=== Source data ===
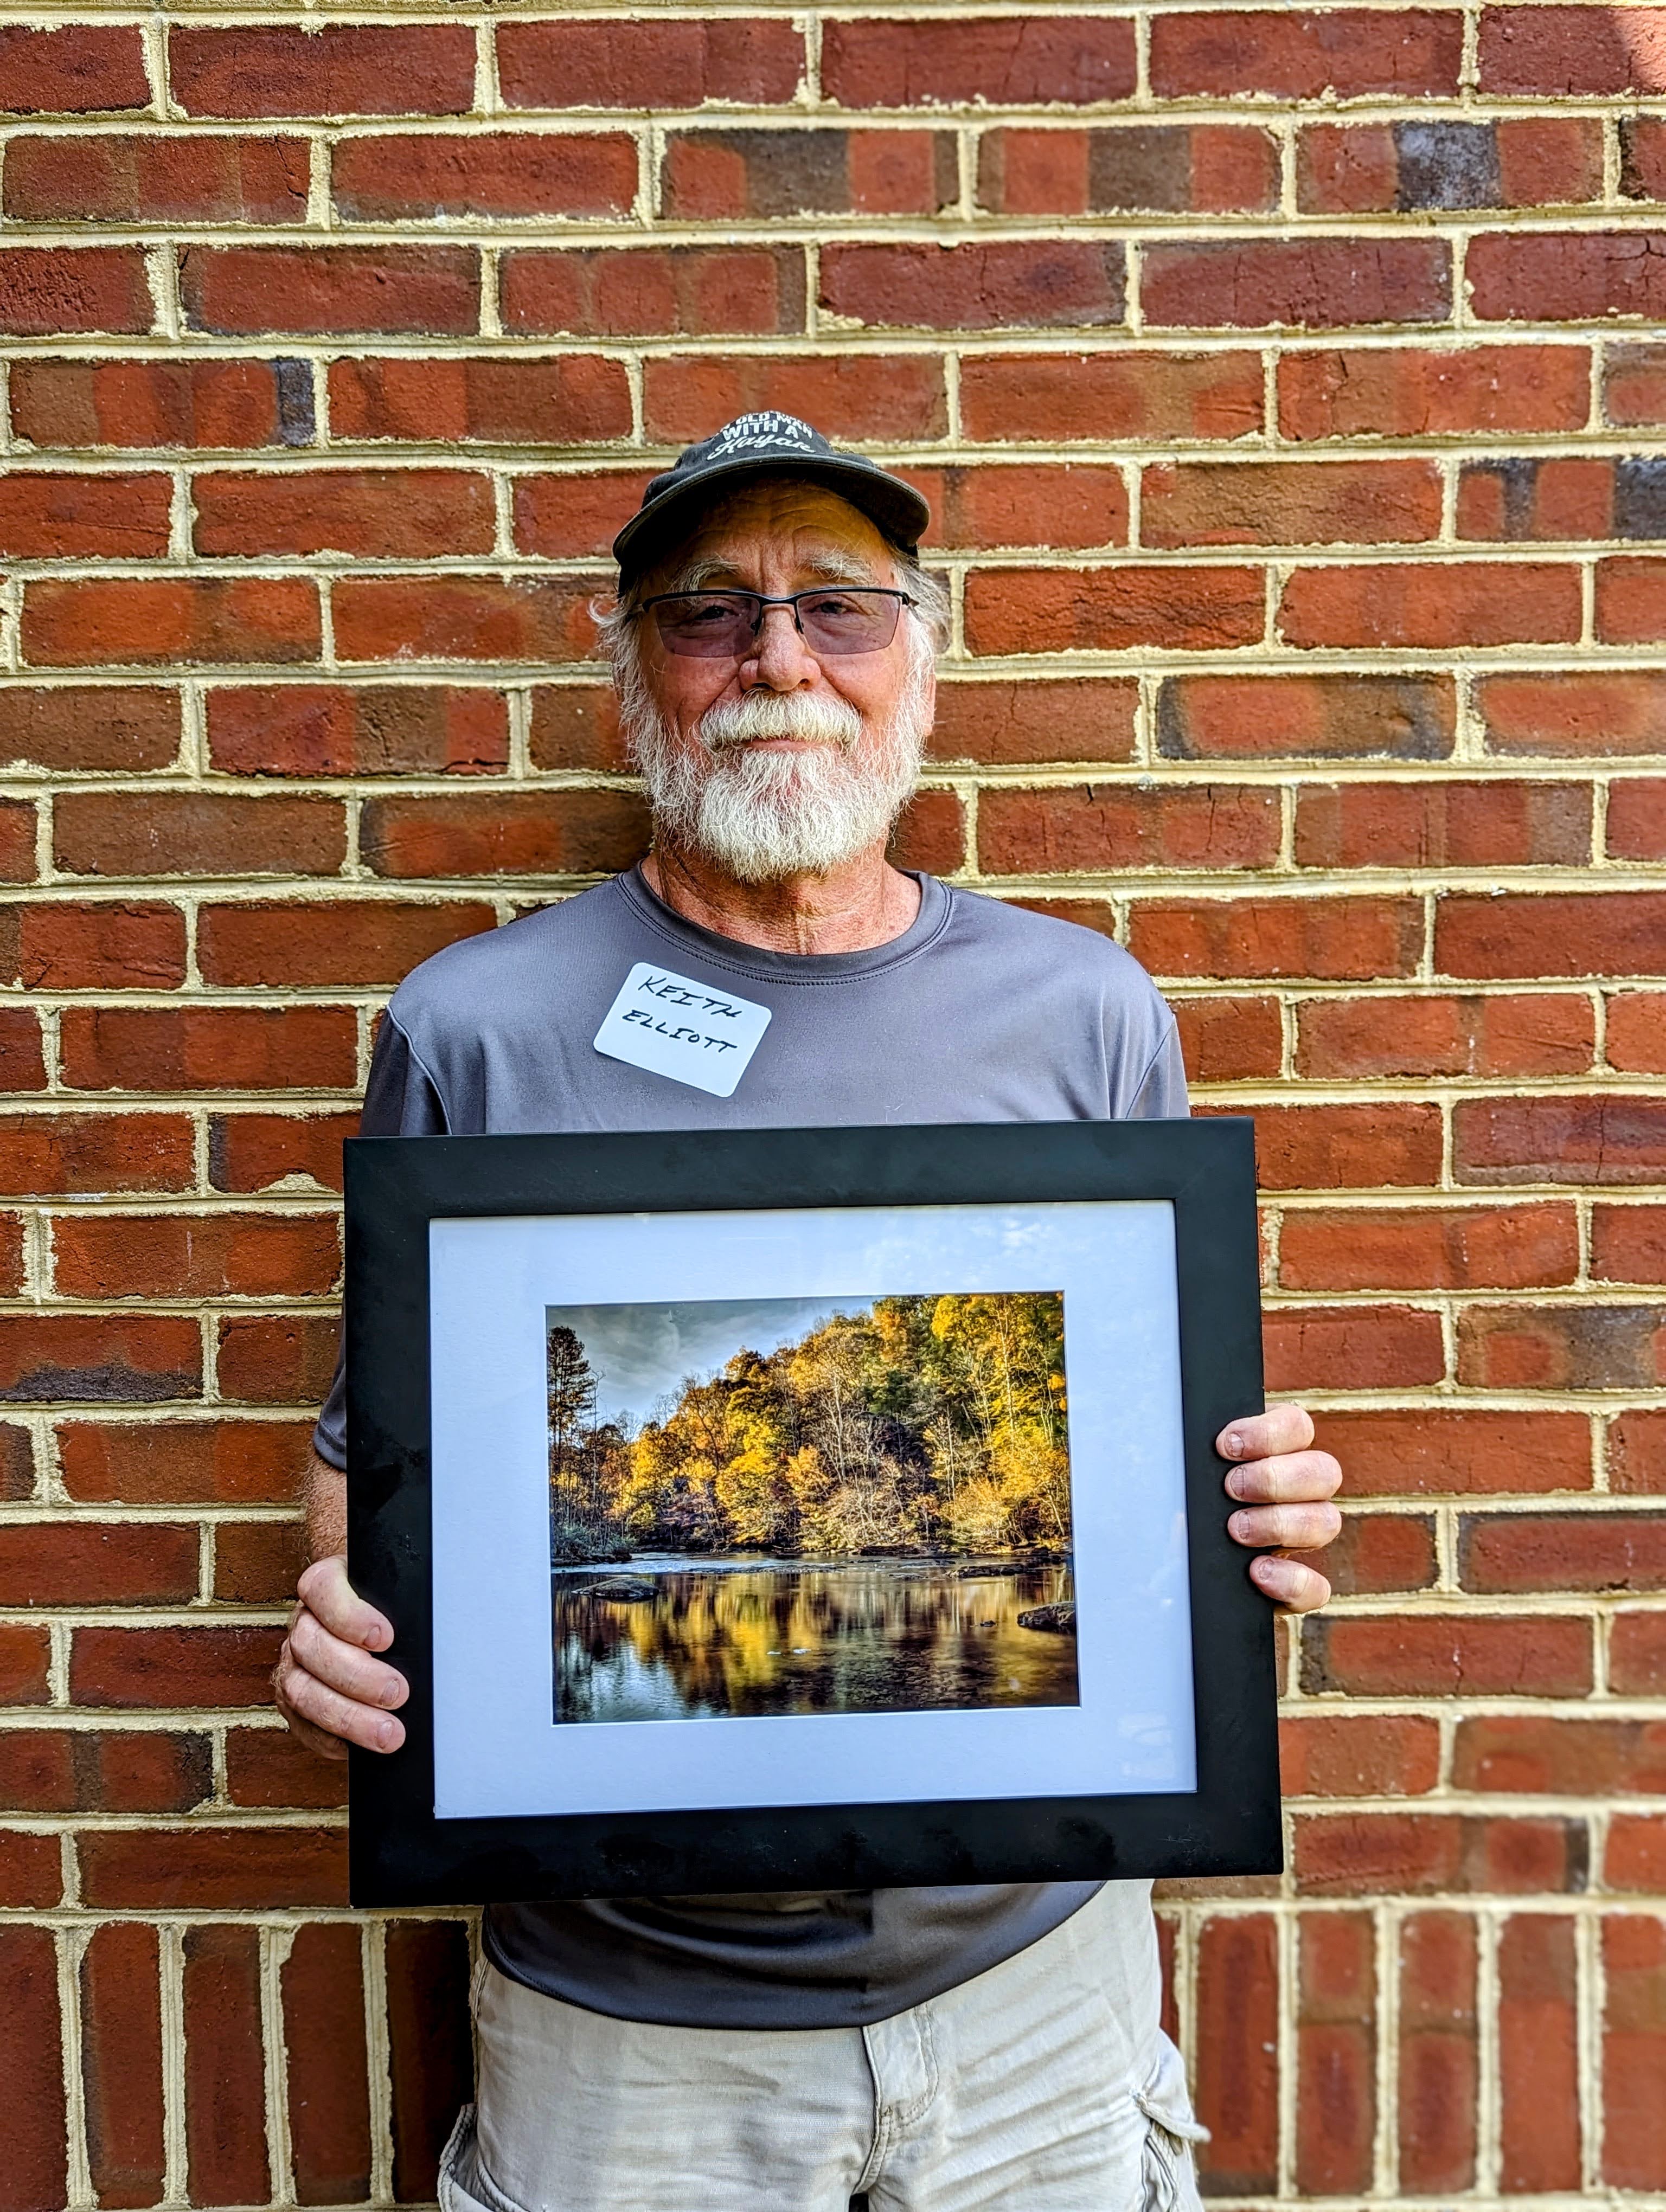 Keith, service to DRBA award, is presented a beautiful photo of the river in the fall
---
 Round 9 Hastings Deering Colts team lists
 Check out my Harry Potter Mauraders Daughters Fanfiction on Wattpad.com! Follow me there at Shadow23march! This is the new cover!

=== Activity ===
Find where the line with "Round 9 Hastings Deering Colts team lists" sits in the material above, then copy exactly from it through the line with "Check out my". Add no other line.

=== Task solution ===
 Round 9 Hastings Deering Colts team lists
 Check out my Harry Potter Mauraders Daughters Fanfiction on Wattpad.com! Follow me there at Shadow23march! This is the new cover!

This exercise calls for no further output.